____ Data listing

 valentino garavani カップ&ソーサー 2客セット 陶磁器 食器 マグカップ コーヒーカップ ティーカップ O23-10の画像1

________
____ Data listing

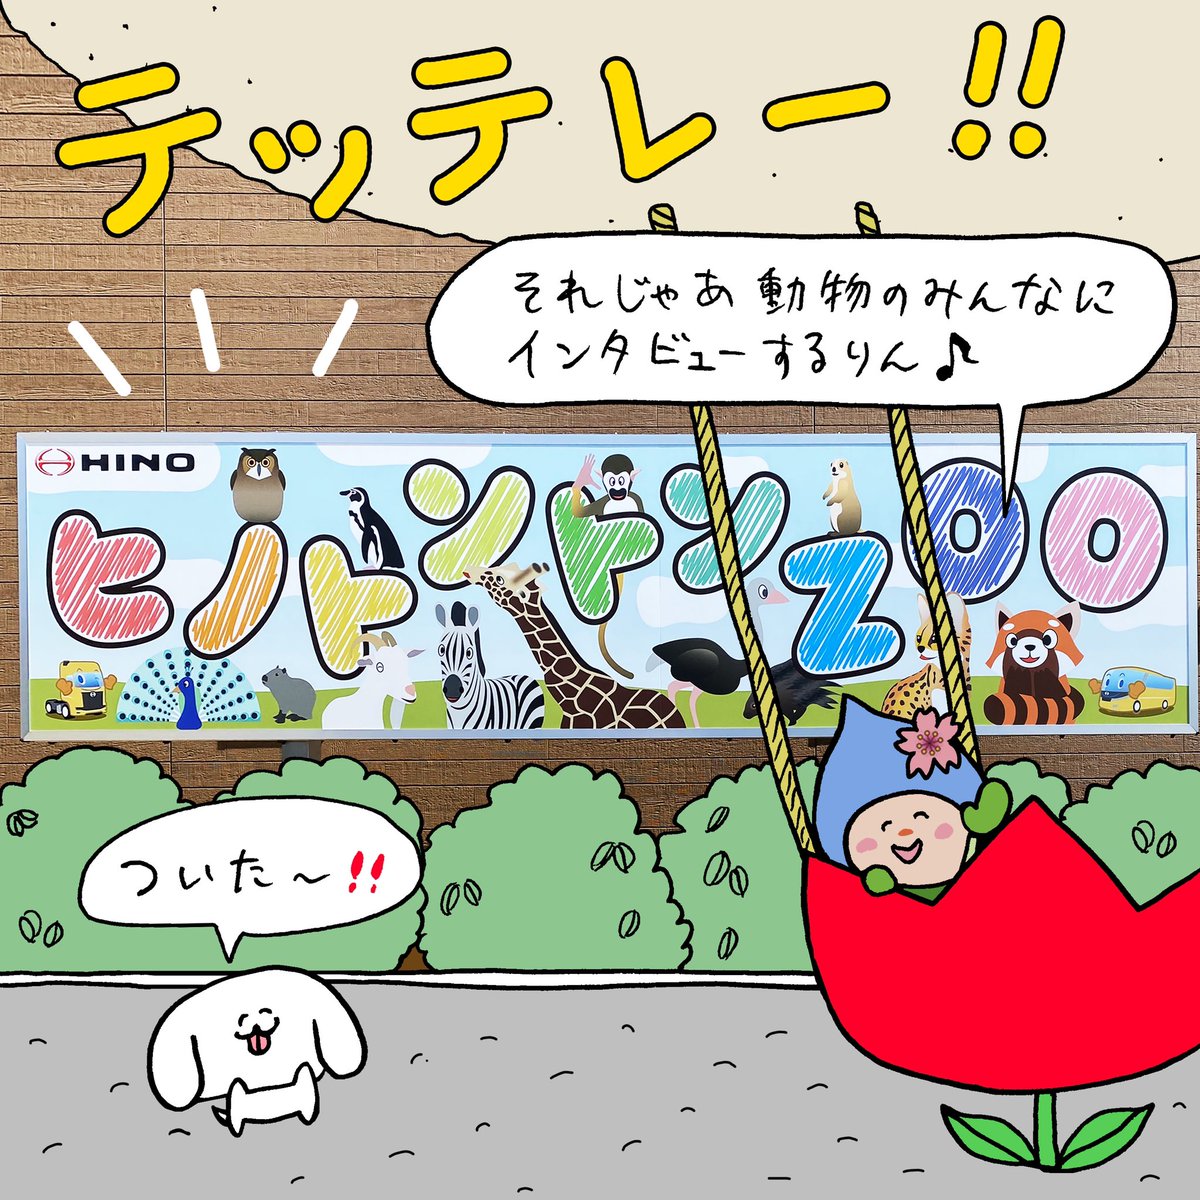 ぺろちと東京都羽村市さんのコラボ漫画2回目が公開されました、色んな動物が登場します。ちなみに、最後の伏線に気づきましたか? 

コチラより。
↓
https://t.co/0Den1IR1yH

________
____ Data listing

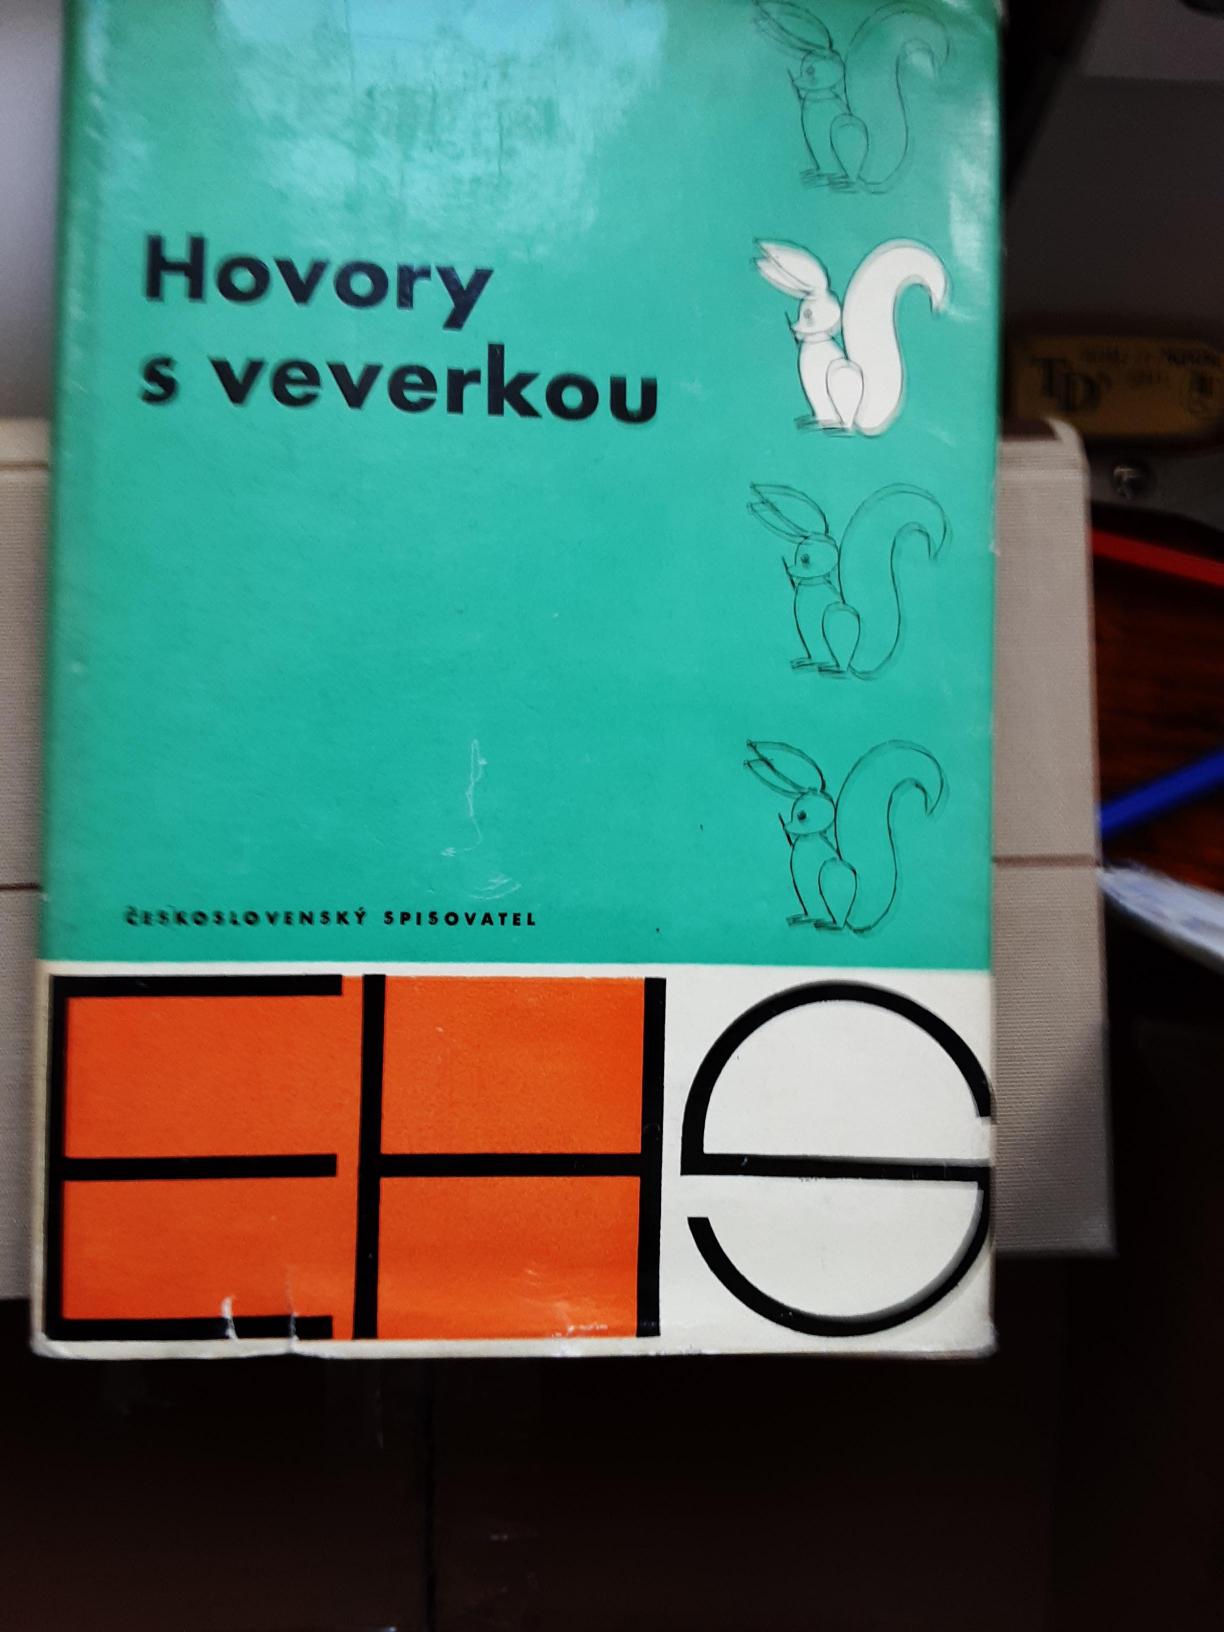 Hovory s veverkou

________

- **Task requirements**: Of the lines above, quote exactly those from the one with "ぺろちと東京都羽村市さんのコ" through the one with "https://t.co/0Den1IR1yH", ends included; pictures stay out.

- **Output of the task**:
 ぺろちと東京都羽村市さんのコラボ漫画2回目が公開されました、色んな動物が登場します。ちなみに、最後の伏線に気づきましたか? 

コチラより。
↓
https://t.co/0Den1IR1yH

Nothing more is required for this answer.